● Activity
For this exercise, return exactly the lines of the material below that begin at the one with "vintage clothing jam" and stop after the one with "Redhead - HD Naked Girls".

● Provided records
▽

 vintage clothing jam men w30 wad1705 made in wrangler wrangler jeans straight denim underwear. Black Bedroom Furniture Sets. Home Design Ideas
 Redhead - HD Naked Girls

△
▽

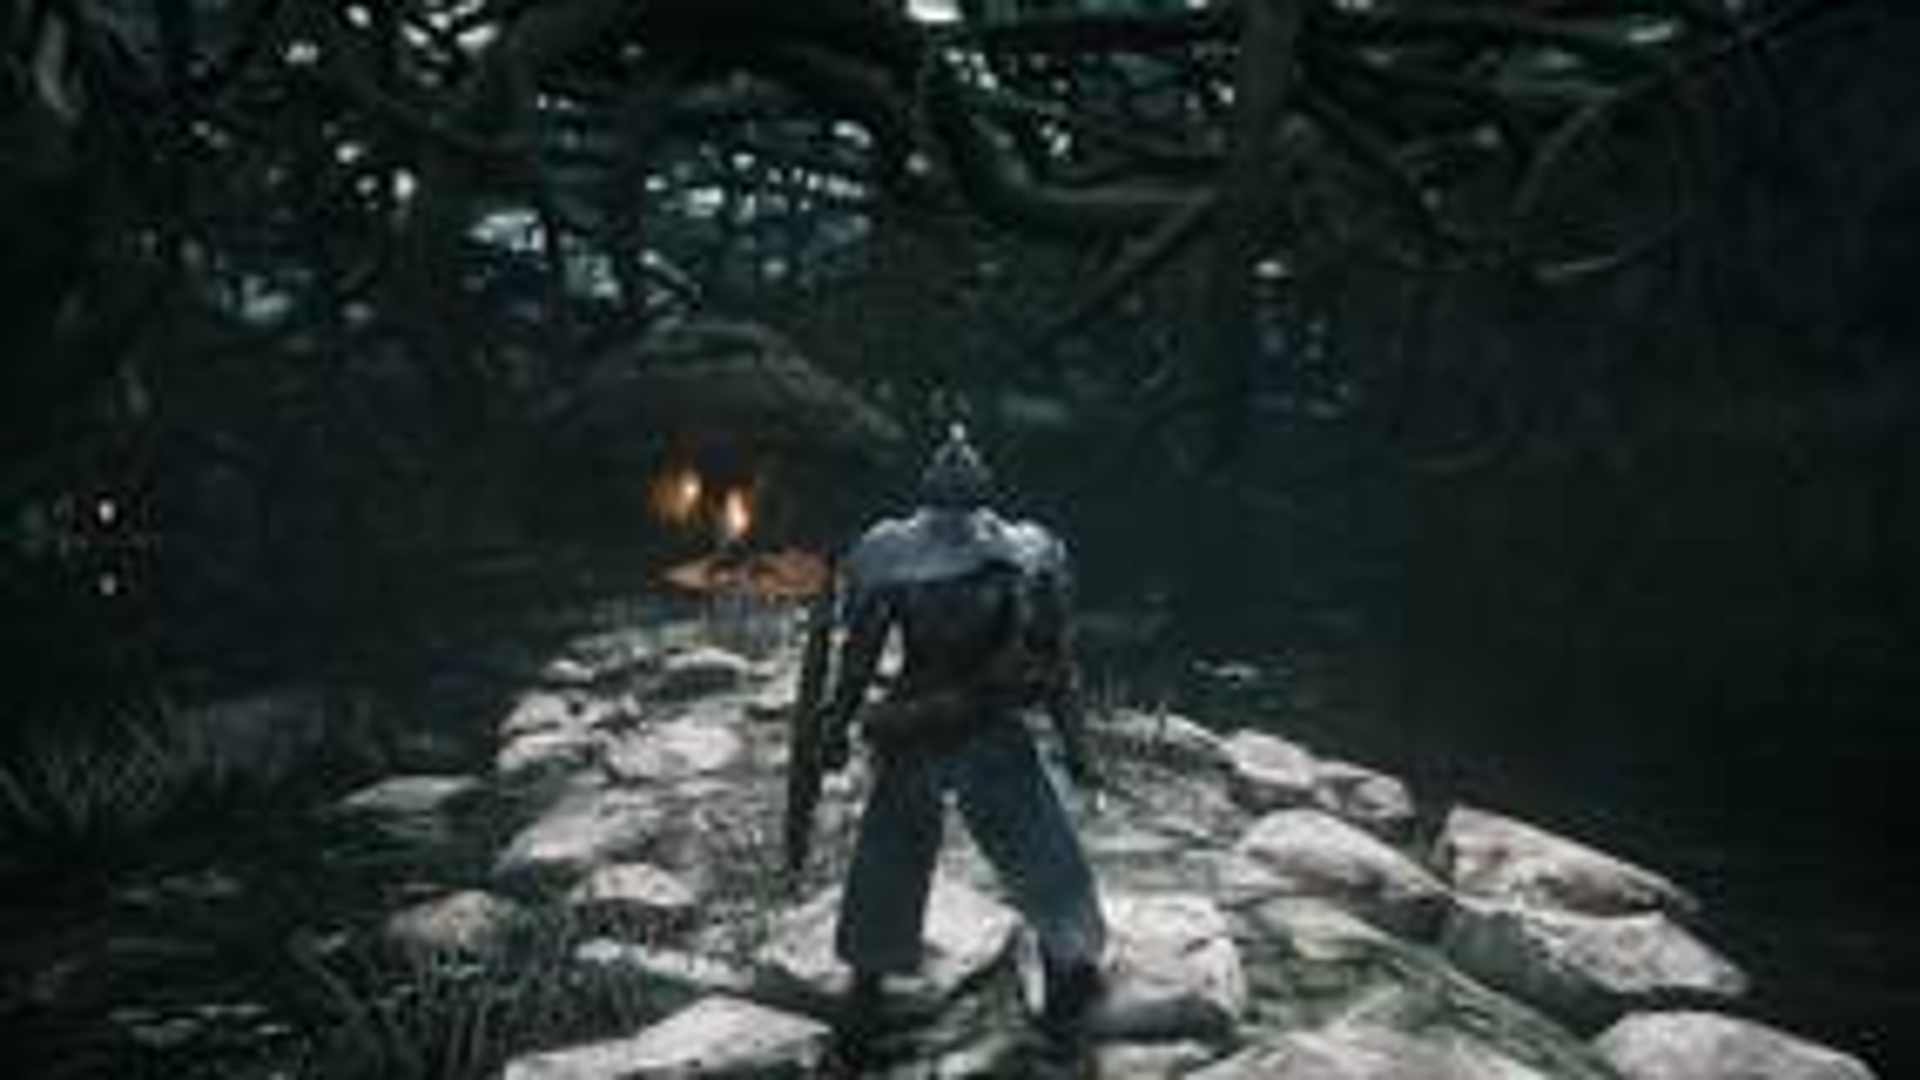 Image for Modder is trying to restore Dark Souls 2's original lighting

△

● Answer box
 vintage clothing jam men w30 wad1705 made in wrangler wrangler jeans straight denim underwear. Black Bedroom Furniture Sets. Home Design Ideas
 Redhead - HD Naked Girls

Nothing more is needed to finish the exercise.